Stored data entries:
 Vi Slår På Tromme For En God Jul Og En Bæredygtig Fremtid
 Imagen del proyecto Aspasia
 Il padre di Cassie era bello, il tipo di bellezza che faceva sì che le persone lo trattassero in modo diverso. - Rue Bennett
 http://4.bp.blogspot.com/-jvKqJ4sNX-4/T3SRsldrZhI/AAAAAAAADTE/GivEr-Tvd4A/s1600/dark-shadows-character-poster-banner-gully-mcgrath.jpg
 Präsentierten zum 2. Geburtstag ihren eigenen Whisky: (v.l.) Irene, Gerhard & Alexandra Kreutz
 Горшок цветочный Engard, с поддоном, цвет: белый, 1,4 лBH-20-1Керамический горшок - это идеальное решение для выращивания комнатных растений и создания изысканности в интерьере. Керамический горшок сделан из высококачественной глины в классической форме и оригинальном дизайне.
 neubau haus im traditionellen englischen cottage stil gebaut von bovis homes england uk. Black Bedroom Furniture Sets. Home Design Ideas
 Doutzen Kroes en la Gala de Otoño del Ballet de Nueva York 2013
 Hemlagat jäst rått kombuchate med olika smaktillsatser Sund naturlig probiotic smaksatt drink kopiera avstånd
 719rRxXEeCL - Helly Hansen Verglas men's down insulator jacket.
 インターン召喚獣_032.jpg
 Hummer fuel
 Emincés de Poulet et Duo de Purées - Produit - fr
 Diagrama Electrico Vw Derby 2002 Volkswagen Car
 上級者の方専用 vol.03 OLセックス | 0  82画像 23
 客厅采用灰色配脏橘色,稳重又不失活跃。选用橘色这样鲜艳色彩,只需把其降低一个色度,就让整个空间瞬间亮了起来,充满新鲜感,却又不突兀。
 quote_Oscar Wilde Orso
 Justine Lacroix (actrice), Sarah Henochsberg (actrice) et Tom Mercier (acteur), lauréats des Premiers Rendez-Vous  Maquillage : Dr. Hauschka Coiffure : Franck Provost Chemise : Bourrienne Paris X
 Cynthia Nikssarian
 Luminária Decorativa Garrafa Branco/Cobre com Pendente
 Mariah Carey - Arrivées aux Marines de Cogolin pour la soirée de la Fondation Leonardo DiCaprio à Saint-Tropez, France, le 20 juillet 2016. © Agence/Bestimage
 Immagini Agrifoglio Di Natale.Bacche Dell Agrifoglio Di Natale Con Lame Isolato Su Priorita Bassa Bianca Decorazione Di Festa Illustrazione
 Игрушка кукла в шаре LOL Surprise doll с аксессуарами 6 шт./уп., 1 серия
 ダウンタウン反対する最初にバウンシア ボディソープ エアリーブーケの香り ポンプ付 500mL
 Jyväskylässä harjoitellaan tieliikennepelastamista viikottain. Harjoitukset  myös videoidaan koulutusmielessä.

• _Your goal_: What do the lines above say from the one containing "neubau haus im" down to the one containing "Emincés de Poulet"? Return them exactly, both end lines included, and only them.

• _Result of this task_:
 neubau haus im traditionellen englischen cottage stil gebaut von bovis homes england uk. Black Bedroom Furniture Sets. Home Design Ideas
 Doutzen Kroes en la Gala de Otoño del Ballet de Nueva York 2013
 Hemlagat jäst rått kombuchate med olika smaktillsatser Sund naturlig probiotic smaksatt drink kopiera avstånd
 719rRxXEeCL - Helly Hansen Verglas men's down insulator jacket.
 インターン召喚獣_032.jpg
 Hummer fuel
 Emincés de Poulet et Duo de Purées - Produit - fr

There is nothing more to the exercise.